Records for the task:
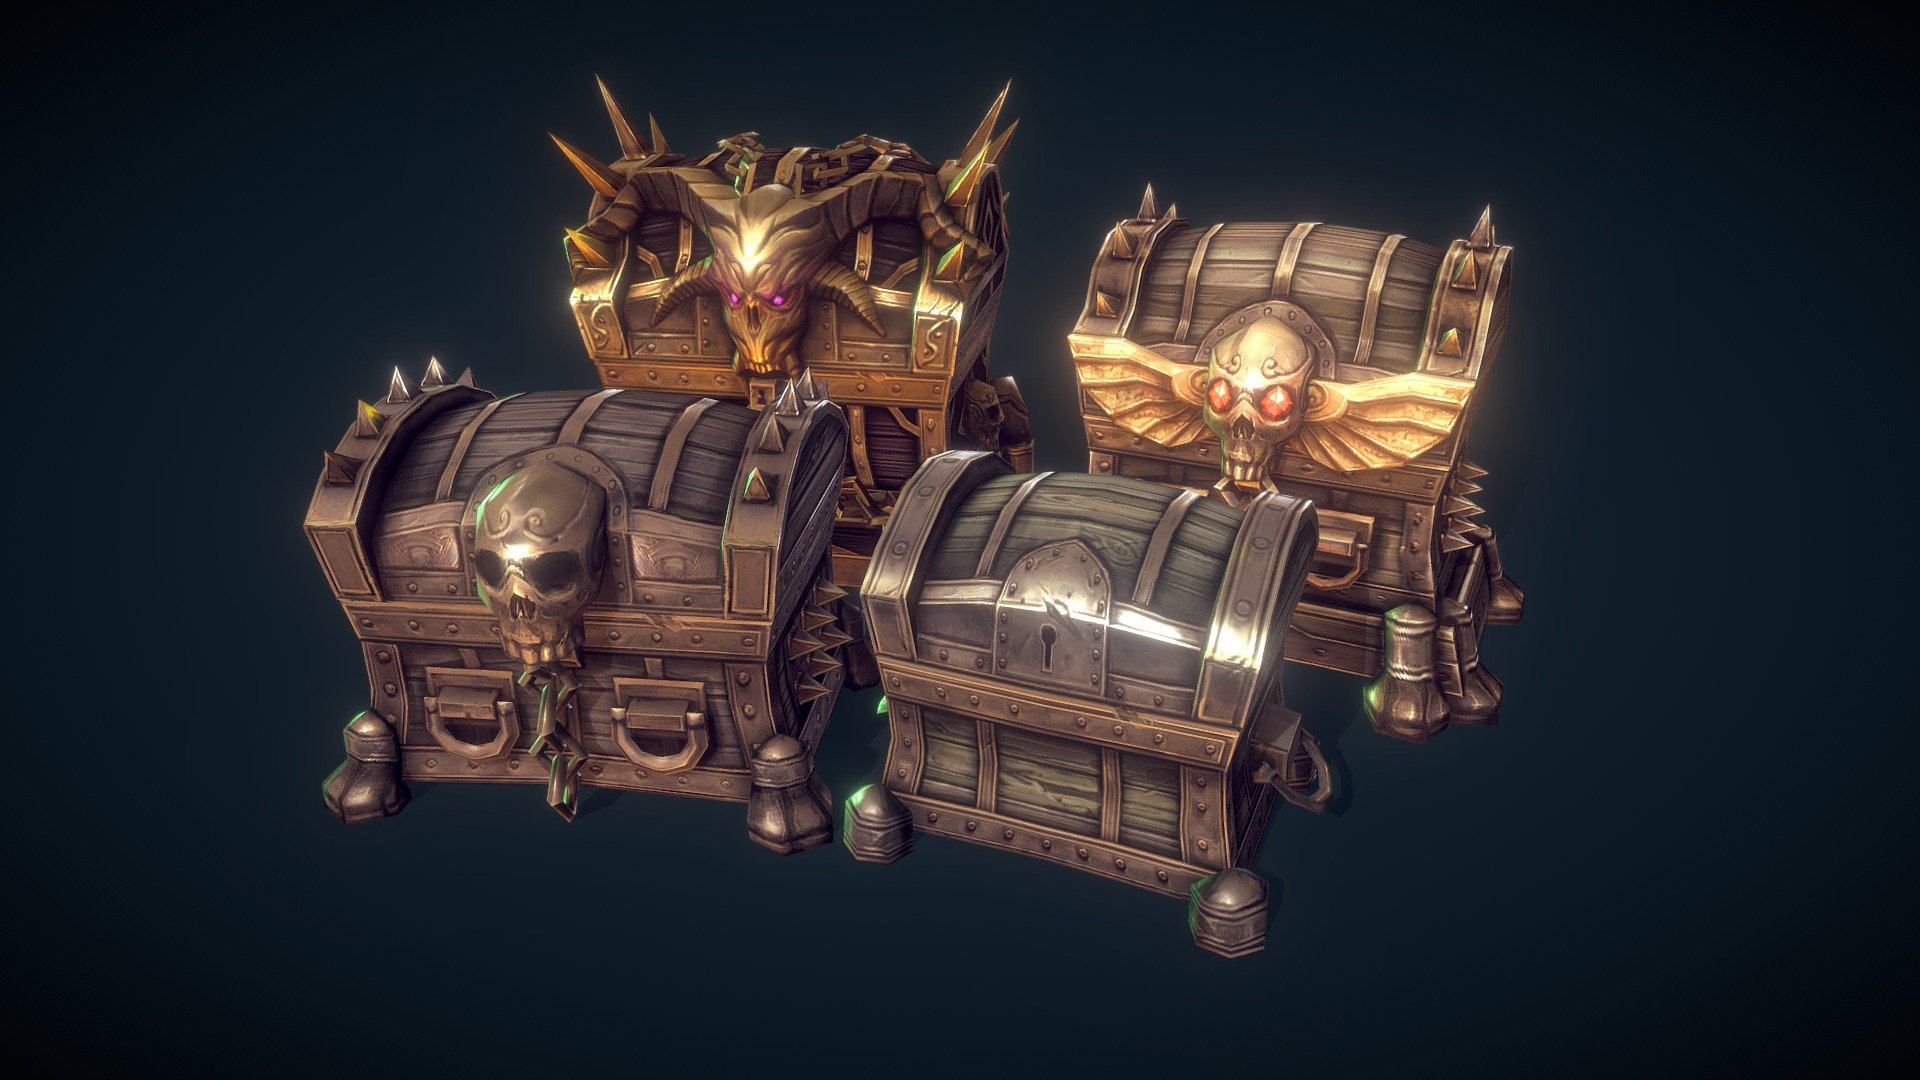 This set includes:




Treasure Chest Medium

Treasure Chest Small

Treasure Chest Large

Treasure Chest Epic

Follow the links and check out their animations! - Treasure Chests - Hand Painted Series - Buy Royalty Free 3D model by BitGem 3d model

What you should do: Copy out every line of the material above that mentions the word "Treasure".

Reply:
Treasure Chest Medium
Treasure Chest Small
Treasure Chest Large
Treasure Chest Epic
Follow the links and check out their animations! - Treasure Chests - Hand Painted Series - Buy Royalty Free 3D model by BitGem 3d model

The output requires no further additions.